At Ella's last doctors appointment, which was her four month check up, Ella weighed in at 17 pounds and was 26 inches long. She landed at the 95 percentile for both her height and her weight on the charts, and was off the charts for her head size. She is now in 9 month clothing (mostly because of her length) and keeps on growing like a weed! As happy as I am to find out she is growing and healthy, I've run in to some issues with her size.
Never have I seen my mother bear protective instincts come out like they have since I've been hearing all the time, "Wow, she's a big girl," or, "She's huge!" and my favorite, "How old is she's about 8 or 9 months?" I've been hearing it so much lately Im starting to get a little mad when I hear people mention her size. And last night, when someone told me my daughter was "huge" I felt like laying the smack down!
I wish I had the same attitude as my husband did, that is..."Who cares what people think?" but I don't, I care quite a lot about what people think, and now I'm worried that Ella will grow up being teased for her size.

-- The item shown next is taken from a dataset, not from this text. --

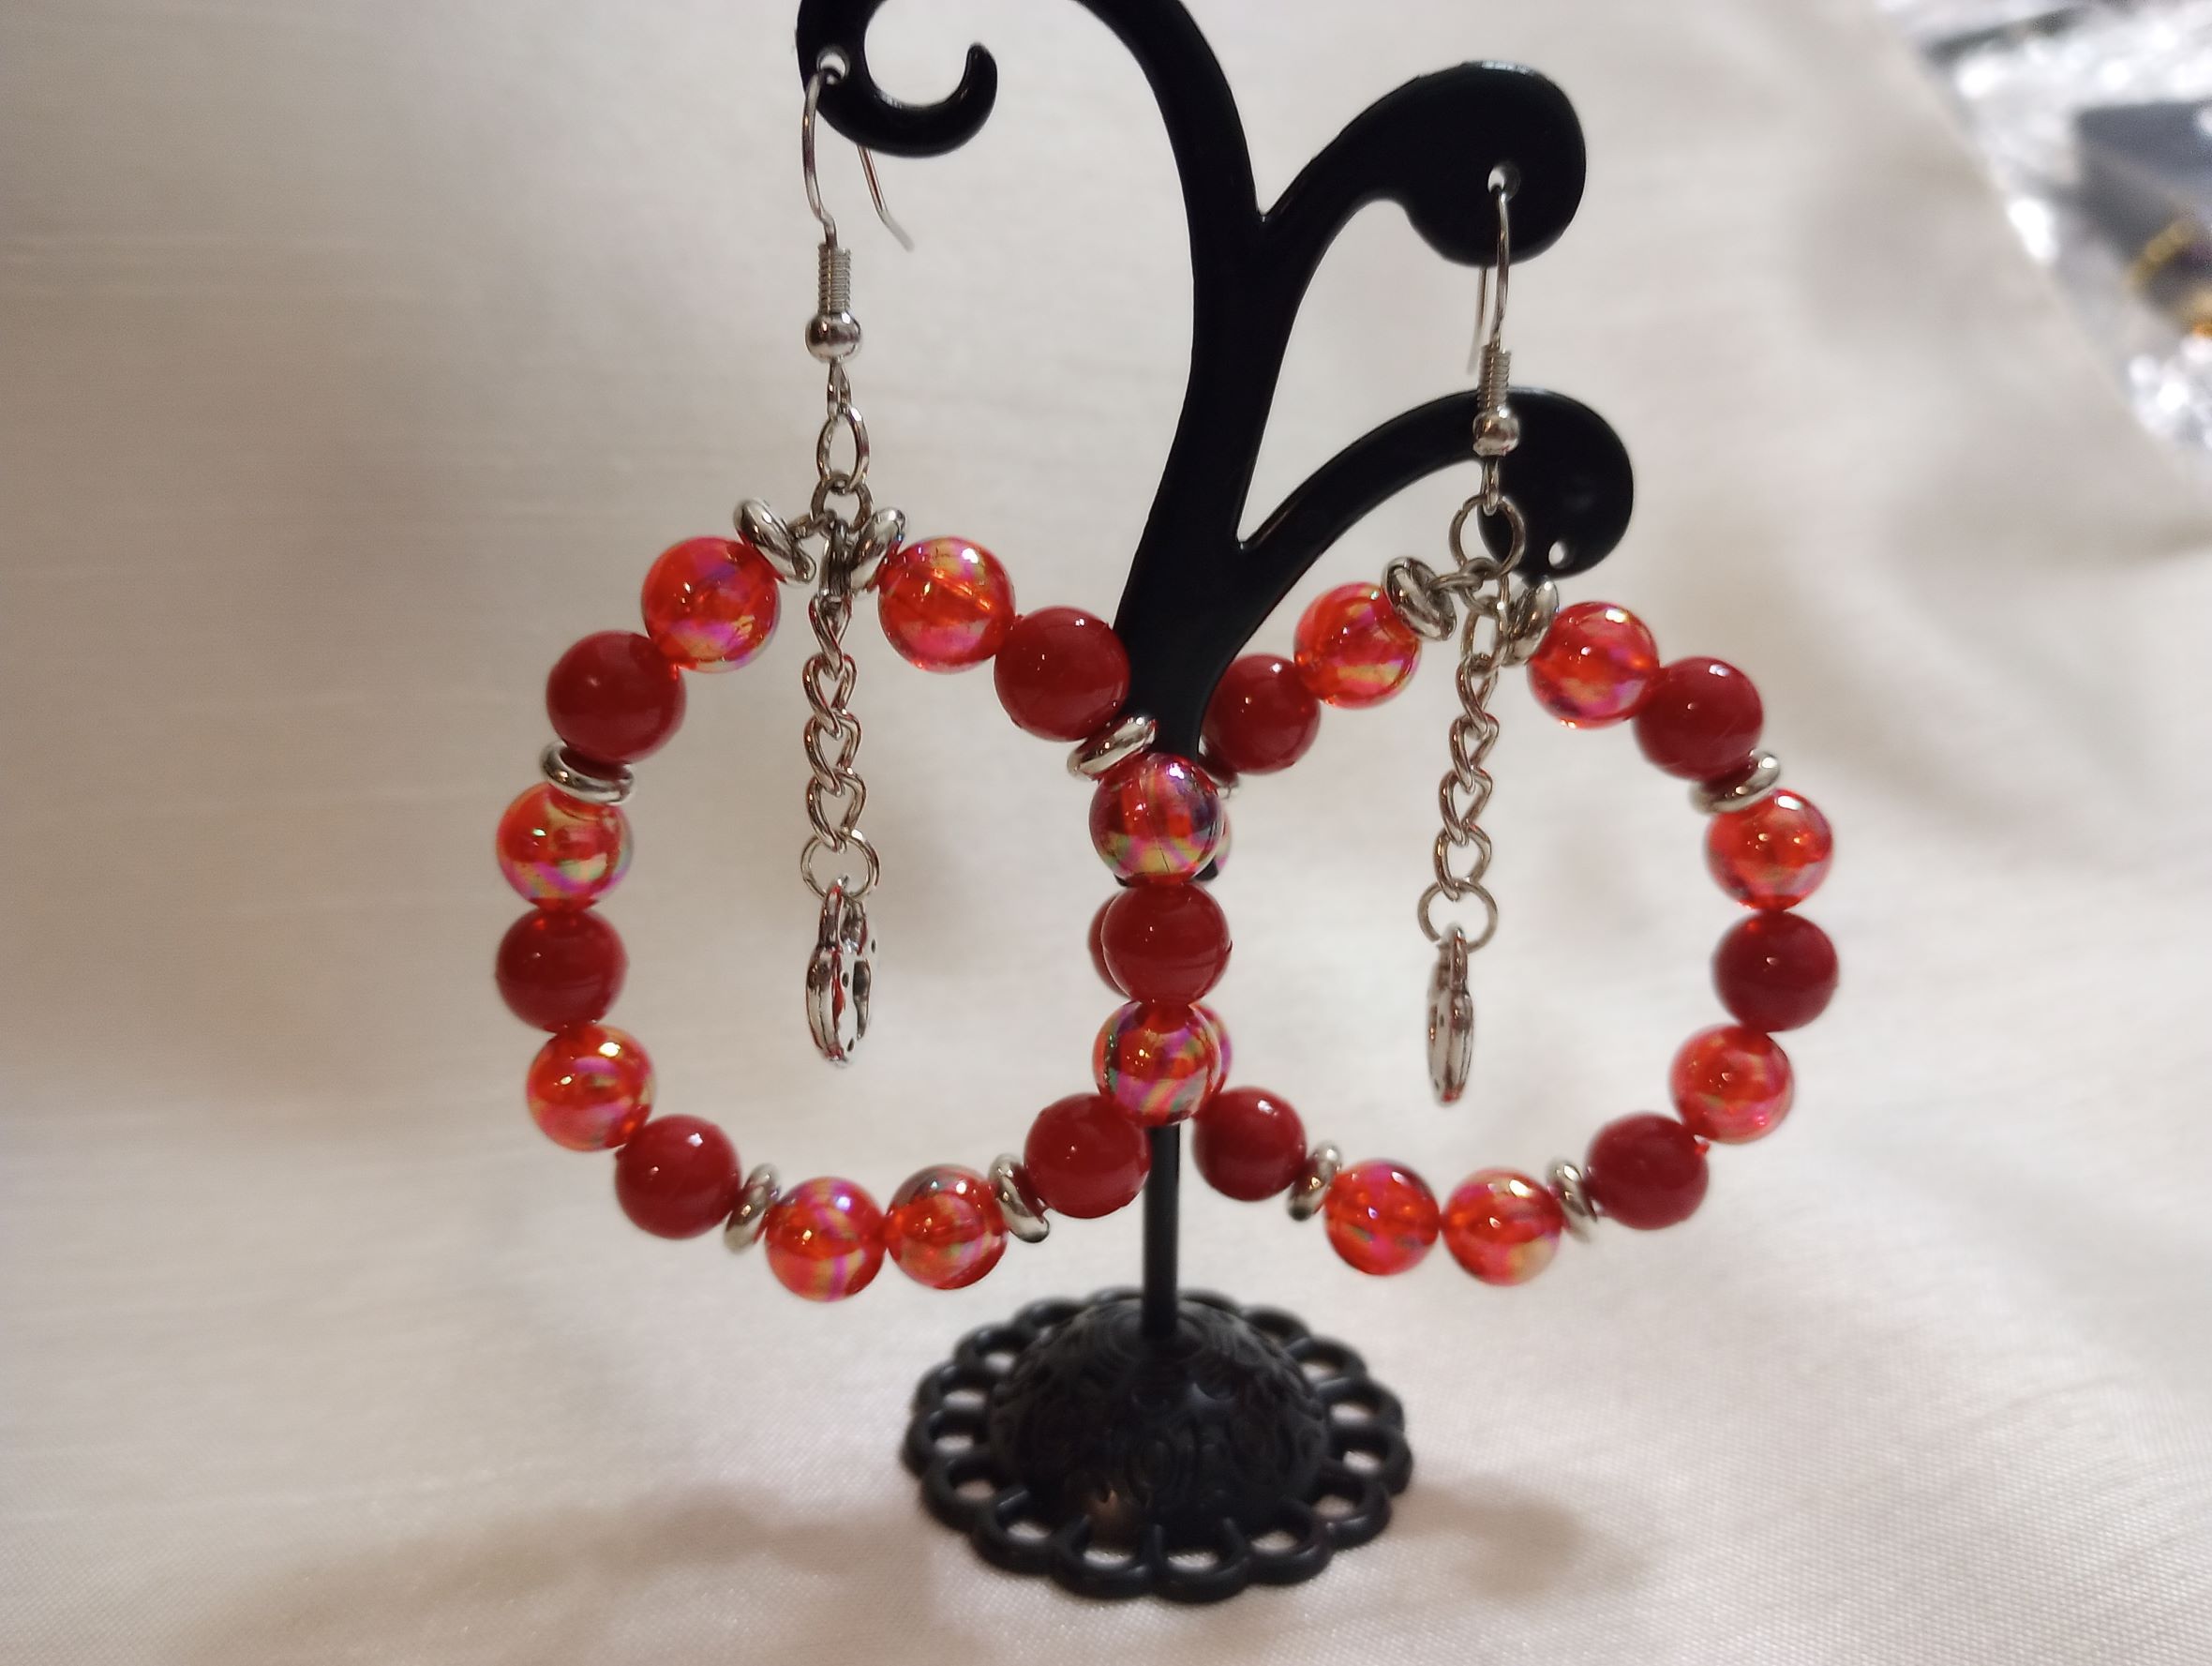 A – Red Bulb Earrings

I wish I could just put Ella in this protective bubble where nothing could ever hurt her, and no one could ever say anything to her to hurt her feelings, but I can't do that, and she will never learn how to go through hard things.
So how does an over-protective, sensitive, cares what everybody thinks mom supposed to do? First of all, probably get over some of my own issues, but second of all, always make sure that Ella knows God made her special, and that she was fearfully and wonderfully made, no matter what people tell her, she's beautiful and just the way she should be. Now I want to cry just thinking about the future hurts my daughter will go through, not just with her own body image, but with life in general.
I guess that's why God's in the picture...how do people attempt to try and be a parent without the wisdom and strength and grace of our God? Its boggles me. One thing I do know, God has such an amazing plan for Ella's life, and he made her for a purpose. I need to trust that God will help me raise her in a way to help her discover that purpose, and to be confident in who she is in Christ.